Inter- and Intra-Rater Reliability of a Wearable Inertial Sensor for Spatiotemporal Gait Assessment in Stroke Survivors

Introduction and Rationale Stroke survivors commonly experience sensorimotor sequelae that heavily compromise walking patterns, typically presenting reduced speed, lower cadence, shortened step length, and prolonged double-support time. Objective quantification of these spatiotemporal parameters is critical to direct therapeutic goals and evaluate rehabilitation outcomes. To overcome the financial and logistical barriers of traditional motion laboratories, wearable inertial measurement units (IMUs) are increasingly proposed due to their portability and ease of use. However, substantial heterogeneity in sensor configurations and algorithms necessitates population-specific metric validation. The Baiobit® system is an emerging commercial IMU that integrates a triaxial accelerometer, gyroscope, and magnetometer operating at 200 Hz to estimate gait metrics via internal event-detection algorithms. To date, no study has established its measurement consistency and repeatability specifically for stroke survivors.

Study Population and Eligibility Participants were recruited via convenience sampling from the outpatient database at Neuron Clinics in Madrid, Spain. To ensure safety and protocol compliance, strict eligibility criteria were applied: Inclusion Criteria: (1) Adults aged 18 to 85 years; (2) a confirmed diagnosis of ischemic or hemorrhagic stroke with a time since onset $> 1$ month; (3) ability to ambulate independently (Functional Ambulation Categories FAC > 4) regardless of foot-up orthosis use; (4) capacity to walk 10 meters without stopping and repeat the trial six times across the protocol; and (5) cognitive ability to understand instructions and provide written informed consent. Exclusion Criteria: (1) Medical instability or acute conditions comprising gait safety; (2) concomitant neurological conditions other than stroke; (3) severe musculoskeletal disorders interfering with locomotion; (4) visual or auditory deficits severely impairing balance; (5) recent use of medications affecting gait or postural control (e.g., benzodiazepines, antipsychotics, or opioids); and (6) pregnancy. Randomization and Blinding Protocols To control for sequence and order biases, a 1:1 block randomization scheme was generated using a digital tool (randomizer.org) to determine the evaluation sequence between the two raters. Blinding was coordinated by a third independent researcher who managed the logistical workflows, handled independent password-protected software accounts for each rater, and exported raw data to a masked master database. This design strictly prevented the two evaluators from assessing participants simultaneously or accessing each other's data records.

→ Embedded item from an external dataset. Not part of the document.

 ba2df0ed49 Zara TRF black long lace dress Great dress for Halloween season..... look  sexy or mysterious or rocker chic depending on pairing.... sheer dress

Experimental Procedures The data collection protocol spanned two distinct evaluation sessions scheduled 24 to 48 hours apart to minimize clinical fluctuations while preventing recall bias. Familiarization: In the first session, after formal enrollment and collection of sociodemographic data, participants were familiarized with the environment, and the 10-meter walkway was demonstrated. Sensor Placement: The Baiobit® sensor was securely mounted on the sacral region corresponding to the S1-S2 vertebrae using the manufacturer's adjustable elastic belt. Data Acquisition: Participants performed three 10-meter walking trials at their comfortable, self-selected pace per evaluator. The first assigned evaluator positioned the sensor, acquired the recordings, and completely removed the device. Rest Period: A mandatory 10-minute seated rest period was enforced between evaluators to mitigate fatigue effects. Replication: The second evaluator repeated the exact preparation, placement, and trial recording steps. This identical sequence was replicated during the second session under unvaried environmental conditions.

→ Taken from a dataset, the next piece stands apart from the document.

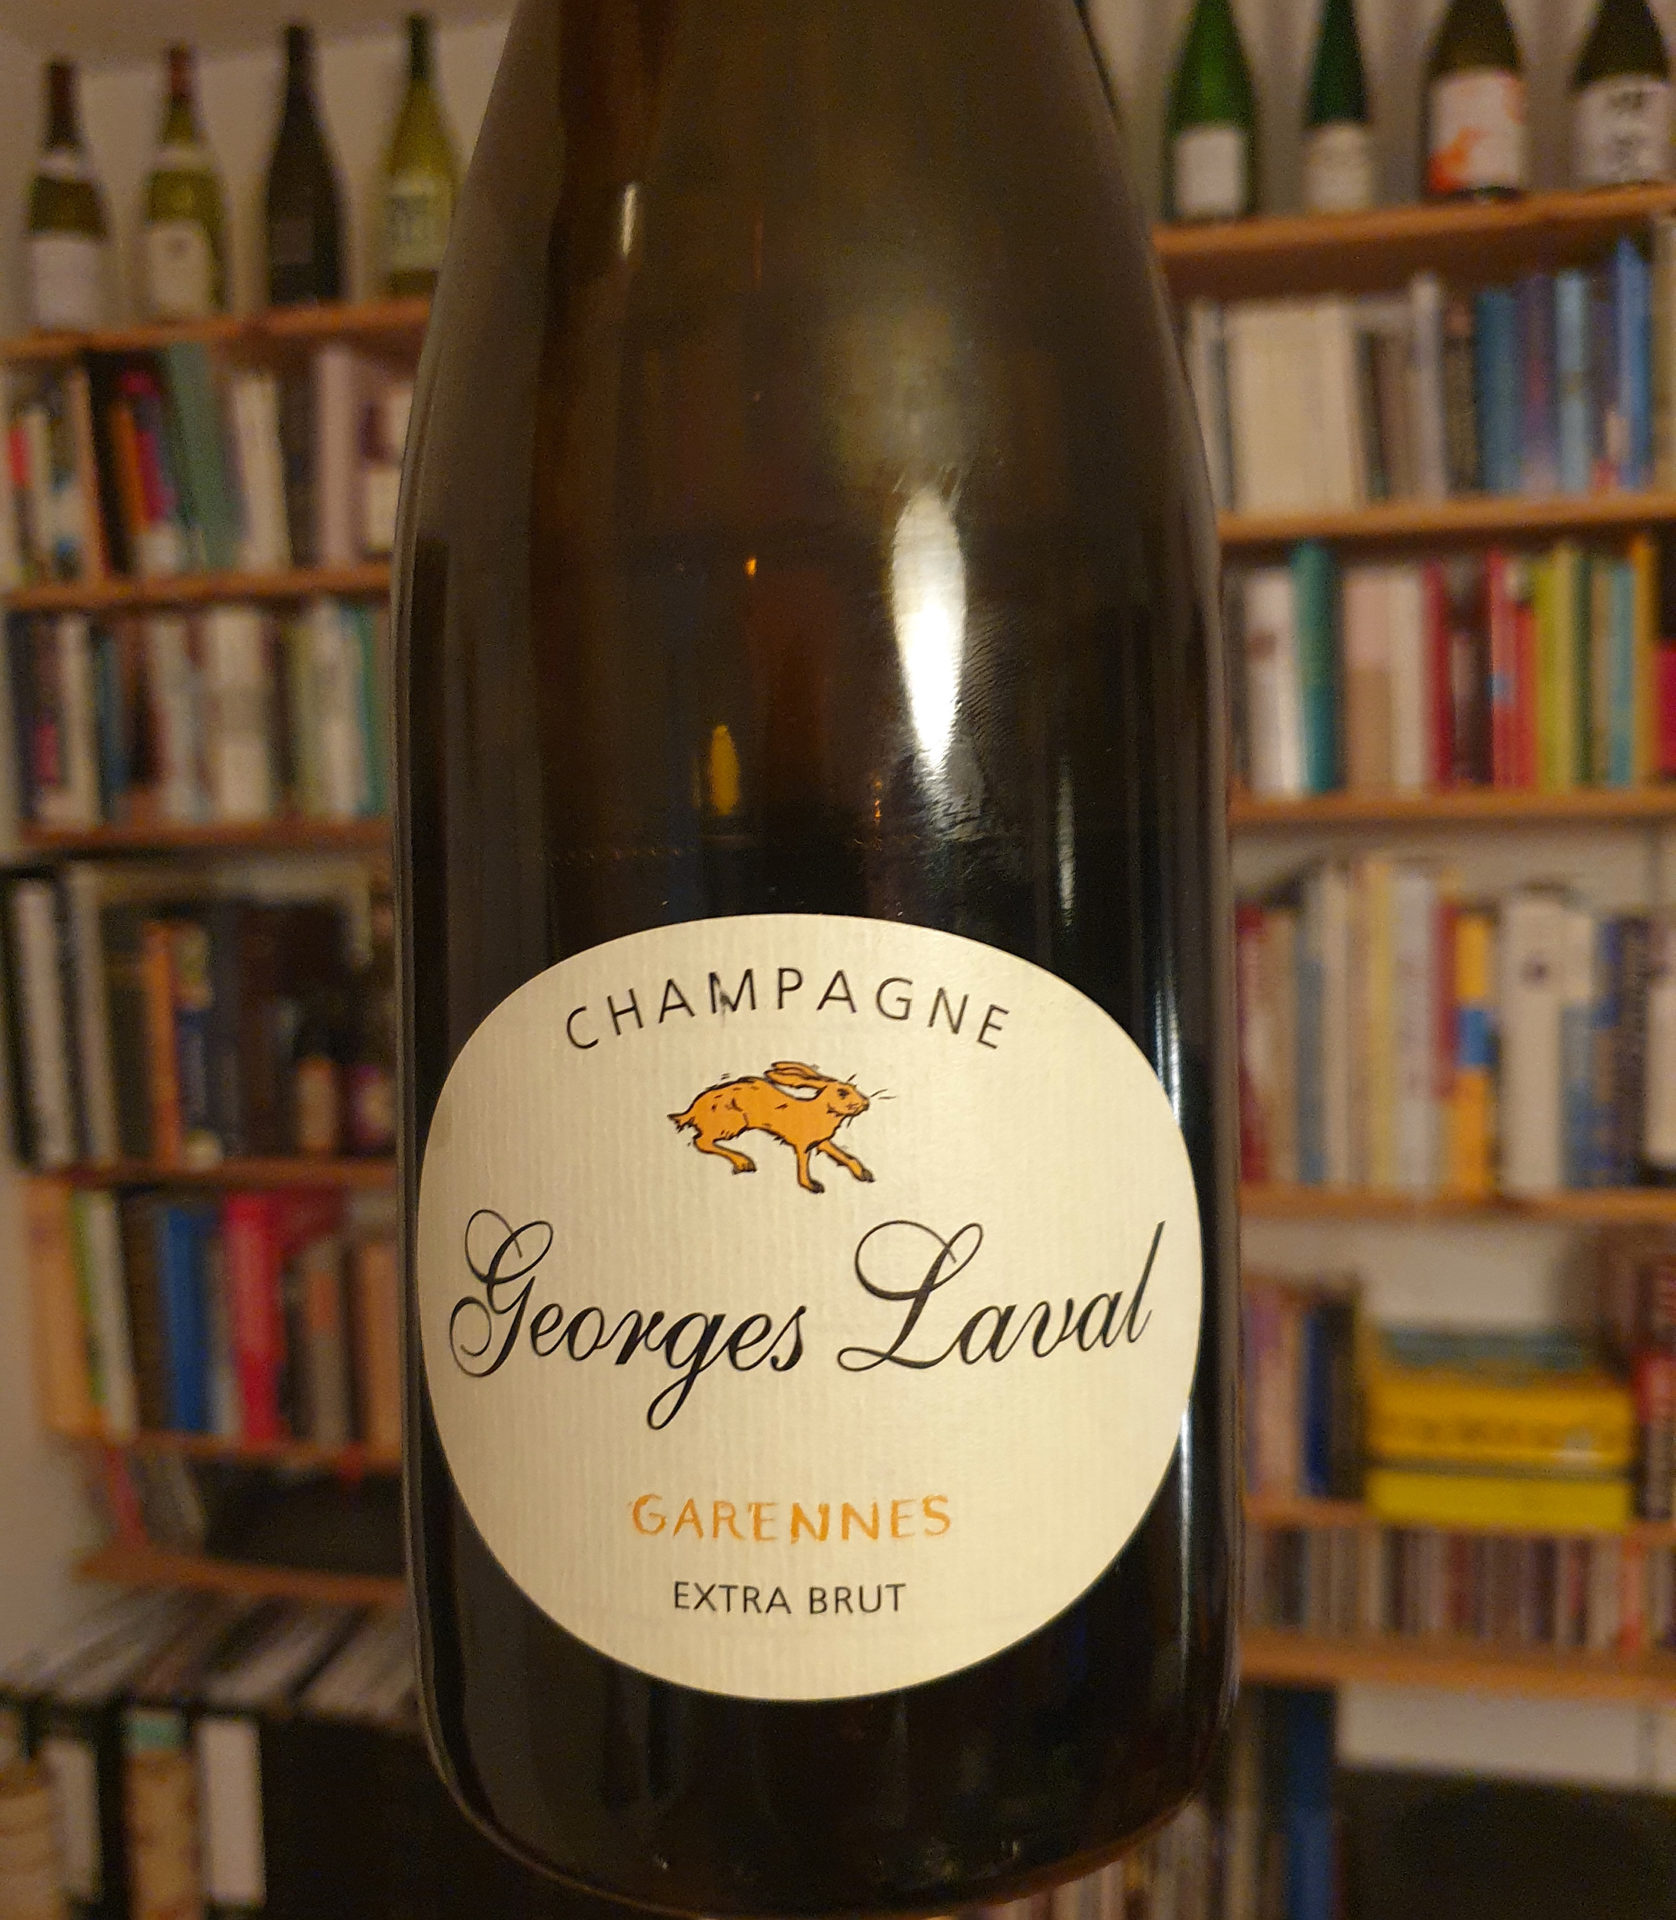 Georges Laval – Garennes Extra Brut

Outcome Measures and Biomechanical Variables Spatiotemporal gait variables were recorded bilaterally by the sensor software algorithms, capturing: gait speed (m/s), cadence (steps/min), step and stride lengths (m), percentages (%) of stance and swing phases, single-leg and double-leg stance durations, and propulsion metrics. Statistical Analysis PlanData normality was verified using the Shapiro-Wilk test. Continuous demographics are reported as mean and standard deviation (SD). Relative reliability was analyzed using Intraclass Correlation Coefficients (ICCs) with 95% confidence intervals (95% CIs). A two-way mixed-effects consistency model was selected for intra-rater reliability, and a two-way random-effects absolute agreement model was utilized for inter-rater reliability. Absolute reliability and precision were quantified calculating the Standard Error of Measurement. The Minimal Detectable Change was calculated to define the true clinical change threshold. Bland-Altman plotting was performed to identify systematic biases and calculate the limits of agreement (LoA).